Despite Lungren’s campaign to stop it, voters in 1996 passed Proposition 215, legalizing medical marijuana statewide.
Mitulski shut down his marijuana ministry right after the results were announced. But the impact of his efforts was evident: In just over a few months, he had used prayer, music and marijuana to serve a few thousand people in dire need of comfort.
He has only one regret from that period of his life: “That we did all that activism on AIDS care in the ’80s and ’90s, and somehow did not end up with universal health care. Crazy.”
In 2000, Mitulski left the MCC in the Castro where he had served for more than two decades.
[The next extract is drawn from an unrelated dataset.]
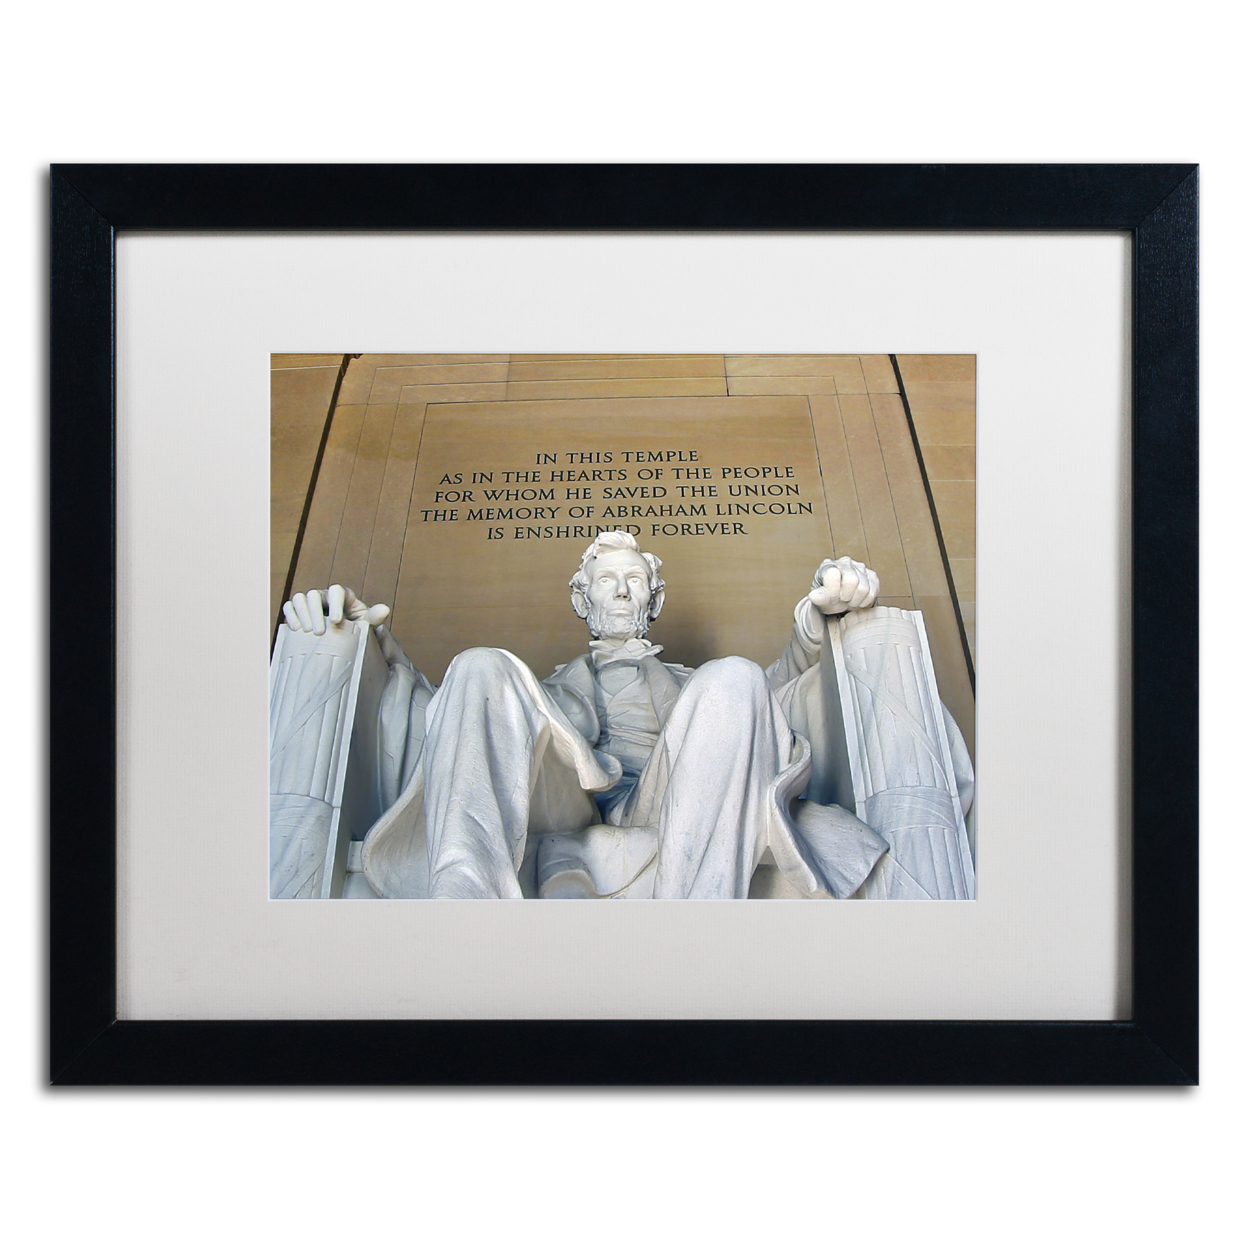 CATeyes 'Lincoln Memorial' Black Wooden Framed Art 18 X 22 Inches

He is now interim senior pastor of Peace United Church of Christ in Duluth, Minnesota, where he continues to push for marijuana legalization and gay rights.
“Let your acts of love guide you, even if it means great risk,” Mitulski said.
He’s still proud, he says, of the work he did at that little church in San Francisco more than 25 years ago.
“I took a risk. I used my body. I acted on a belief that was motivated by my desire to provide healing and comfort for my friends,” he said. “And I didn’t know what else to do that I could do, but this was something I could do. And I did it.”
Mitulski says he wouldn’t hesitate to do it all again.
“The greater the love, the greater the risk, and you will never regret acts of great love,” he said.